Оторвав телефон от уха, Лунин недоверчиво взглянул на черный прямоугольник, ожидая подвоха.

– Я тоже об этом подумал, – подтвердил его худшие опасения генерал, – я даже по такому случаю открыл карту движения общественного транспорта. Из твоего района в центр автобус ходит, шестерка. Ну и маршрутка под тем же номером. Потом пересаживаешься на девятый трамвай, две остановки, и ты на месте. Запомнил? Простая комбинация, шесть и девять, ты должен запомнить. – В телефоне раздался короткий смешок.

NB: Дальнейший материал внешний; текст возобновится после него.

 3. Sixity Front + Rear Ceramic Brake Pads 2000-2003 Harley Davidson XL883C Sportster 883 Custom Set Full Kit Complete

– Спасибо, я лучше такси вызову, – отозвался Лунин.

– Вот, вижу, что способность к логическому мышлению тебя не покинула, – вновь оживился Хованский, – а это значит, что наше с тобой общение будет не только приятным, но и, возможно, продуктивным. Ладно, не грусти, машину я за тобой уже выслал. Минут через двадцать Саенко за тобой подъедет.

– Коля? – хмуро переспросил Илья. – Может, я все же на такси?

– Я его за тобой на весь день закрепил, – проигнорировал вопрос Хованский, – он тебя покатает малость, а потом домой привезет. Так что собирайся, он, как подъедет, тебя наберет.

– Собираюсь. – Решив, что еще одна чашка кофе перед выездом не помешает, Илья включил чайник.

– И оденься по форме, – дружеская веселость из генеральского голоса куда-то улетучилась, – мне надо, чтобы ты хотя бы внешне на следователя был похож.

Полчаса спустя Лунин уже сидел на переднем пассажирском сиденье черной «тойоты-камри». Откинув спинку сиденья и закрыв глаза, Илья попытался было изобразить спящего, но водитель служебной машины на правах гостеприимного хозяина тут же затеял с пассажиром, по его мнению обязательный и не имеющий права прекращаться до самого конца поездки, разговор. Из-за чрезмерной, навязчивой болтливости Саенко в управлении его недолюбливали, хотя, по странной прихоти руководства, ему и досталась самая новая из разъездных машин.

– Ты посмотри, посмотри на него, дурака, – заклокотало от возмущения над левым лунинским ухом. – Вот скажи мне, какой человек в здравом уме себе на машину такие номера вешать будет?

С усилием приоткрыв глаза, Илья взглянул на объект праведного гнева. Новенький черный внедорожник «лексус» с номерным знаком Х001СС занимал добрую половину узкой подъездной дорожки.

– Ну, купил человек номер, что такого? – не понял возмущения водителя Лунин. – Если есть деньги, пусть тратит. Тебе-то что?

– Купил? – Только пристегнутый ремень безопасности не позволил Саенко взвиться под потолок. – Что он купил? Лучше бы он мозгов себе купил хоть немного. Я такой номер и бесплатно себе ни в жизнь не повешу.

– Плохой номер? – Илья вновь закрыл глаза. – Ноль ноль первый. Тысяч пятьдесят, наверное, стоит. А может, и все сто.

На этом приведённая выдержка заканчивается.